Le même jour, le CIO et le comité organisateur faisaient marche arrière en permettant aussi aux athlètes-mères qui allaitent de voyager accompagnées de leur enfant.

C’était la bonne chose à faire. Il y a beaucoup de femmes qui atteignent des niveaux sportifs élevés et qui participent aux Olympiques même après avoir eu des enfants, a dit Bujold. Il faut accepter de faire des petits ajustements pour leur faciliter les choses.

Place au sport

Sachant que le tournoi de boxe olympique est sous la tutelle du CIO en remplacement de l'Association internationale de boxe amateur (AIBA), Bujold ne s’en fait pas trop quant à l’accueil qu’on lui fera à Tokyo.

J’espère qu’on peut mettre ça derrière nous. Je serai là-bas comme tous les autres boxeurs. J’espère aussi qu’ils (le CIO) verront que la place que j’ai obtenue est la place que je méritais, a soutenu la Franco-Ontarienne.

Ainsi, le tableau de sa catégorie des 51 kg comprendra 26 boxeuses au lieu de 25, ce qui ne devrait pas changer grand-chose au déroulement de la compétition.

Ça ne fait pas de changement parce qu’avec un tournoi à moins de 32 boxeuses, il y aura des laissez-passer en vue du tirage du premier tour. Ceux-ci peuvent aller à n’importe qui.

Étant donné qu’elle n’a pas beaucoup boxé au cours des deux dernières années, grossesse et pandémie obligent, elle ne connaît pas beaucoup de ses adversaires potentielles, à part une ou deux qu’elle a déjà affrontées. Elle sera néanmoins prête à braver la tempête.

Trois Québécoises

Les quatre autres pugilistes canadiens se sont qualifiés grâce à leur classement mondial basé sur leurs performances dans les compétitions disputées en 2018 et en 2019, conformément aux critères de sélection établis par le groupe de travail sur la boxe du CIO.

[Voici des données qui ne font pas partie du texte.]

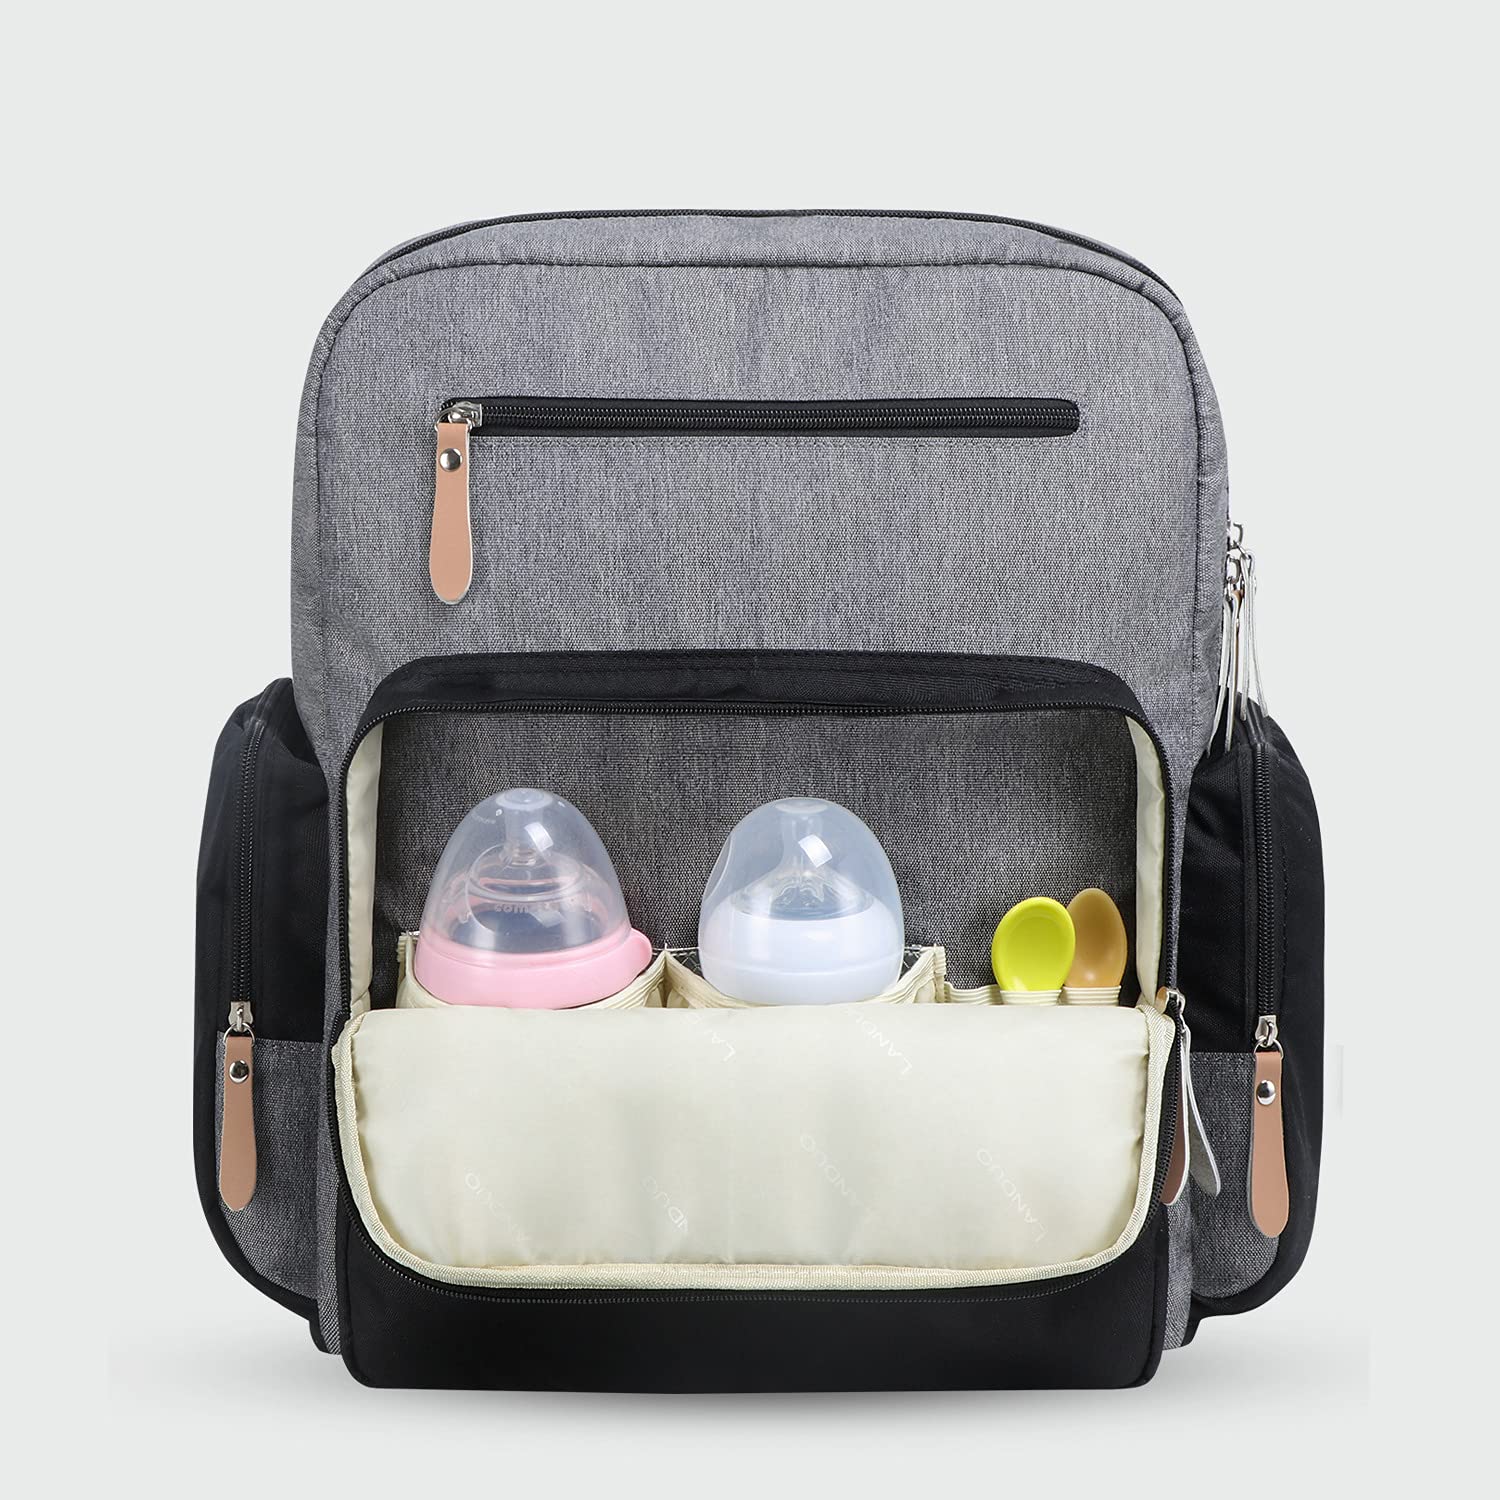 Land diaper bag multi-function waterproof travel backpack nappy bags insulated compartment pockets wipes pocket

Ça fait longtemps que j'attends ce moment, a dit Tammara Thibeault, originaire de Shawinigan. Je suis ravie d'être sur le point de vivre cette prochaine étape. Je suis sur le point de réaliser le rêve de ma vie et je suis très reconnaissante pour tout le temps et l'effort que tout le monde a investi dans ce parcours.

La boxeuse, vêtue d'un t-shirt rouge avec une feuille d'érable et des lauriers blancs, esquisse un large sourire et semble tenir la caméra à bout de bras.

Tammara Thibeault

Photo : Facebook/Tammara Thibeault

La Chamblyenne Myriam Da Silva, triple championne canadienne dans sa catégorie de poids, a notamment gagné une médaille d'argent aux Jeux panaméricains en 2019.

La Montréalaise Caroline Veyre s'est signalée en décrochant l'or aux Jeux panaméricains de Toronto en 2015. Je rêve de ce moment depuis si longtemps. Il n'y a pas de plus grande réalisation pour une athlète, a-t-elle indiqué dans le communiqué officiel de Boxe Canada.

À noter que les catégories de Veyre (57 kg) et de Da Silva (69 kg) sont inscrites au programme des JO pour la première fois.

Deux boxeurs s'affrontent.

Christopher Guerrero (en bleu) face à Wyatt Sanford

Photo : Courtoisie Boxe Canada - Virgil Barrow

Enfin, Wyatt Sanford, de Kennetcook en Nouvelle-Écosse, est le champion national de 2018. Il a aussi remporté le tournoi de qualification olympique tenu à Montréal en décembre 2019.

La boxe a beau être un sport individuel, c’est l’équipe et la communauté autour de chacun de nous qui nous permettent d’atteindre notre but et qui m’ont aidé à obtenir mon premier billet pour les Jeux olympiques, a indiqué celui qui a aussi décroché la médaille d’or aux mondiaux Ringside en 2017.

La dernière médaille olympique du Canada en boxe remonte aux Jeux d'Atlanta en 1996. David Defiagbon avait alors obtenu l'argent. Les femmes chercheront à remporter une première médaille pour le pays.

Les compétitions de boxe se dérouleront sur la totalité de la quinzaine olympique, du 24 juillet au 8 août, à l’Aréna Kogukigan.